JPMorgan Chase Bank, N.A. and its agents are not responsible if they fail to carry out your voting instructions or for the manner in which they carry out your voting instructions. This means that if the ordinary shares underlying your ADSs are not able to be voted at the annual general meeting, there may be nothing you can do.
If (i) the enclosed ADR Voting Instruction Card is signed but is missing voting instructions, (ii) the enclosed ADR Voting Instruction Card is improperly completed or (iii) no ADR Voting Instruction Card is received by JPMorgan Chase Bank, N.A. from a holder of ADSs prior to October 1, 2007, JPMorgan Chase Bank, N.A. will deem such holder of ADSs to have instructed it to give a proxy to the chairman of the annual general meeting to vote in favor of each proposal recommended by our board of directors and against each proposal opposed by our board of directors.

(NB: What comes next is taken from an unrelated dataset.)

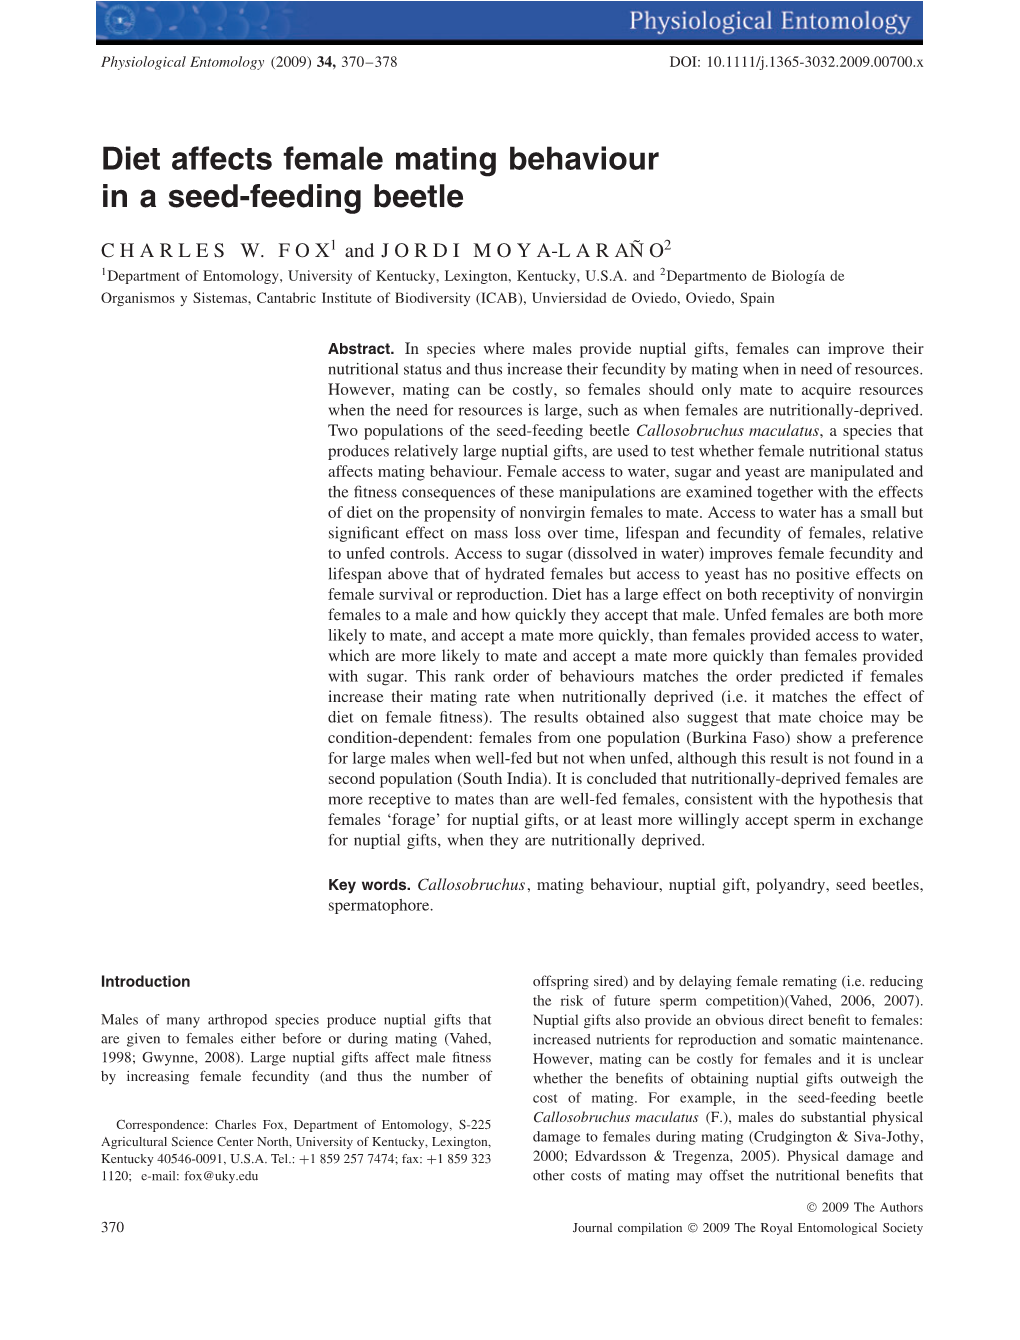 Diet Affects Female Mating Behaviour in a Seed-Feeding Beetle

Deadline for Shareholder Proposals
Proposals which our shareholders wish to be considered for inclusion in our proxy statement and proxy card for the 2008 annual general meeting must be received by June 30, 2008 at 12/F Cross Tower, 318 Fu Zhou Road, Huang Pu District, Shanghai, 200001, People’s Republic of China and must comply with the requirements of Rule 14a-8 under the Securities Exchange Act of 1934, as amended (the “Exchange Act”). The submission of a proposal does not assure that it will be included in the proxy statement or the proxy card.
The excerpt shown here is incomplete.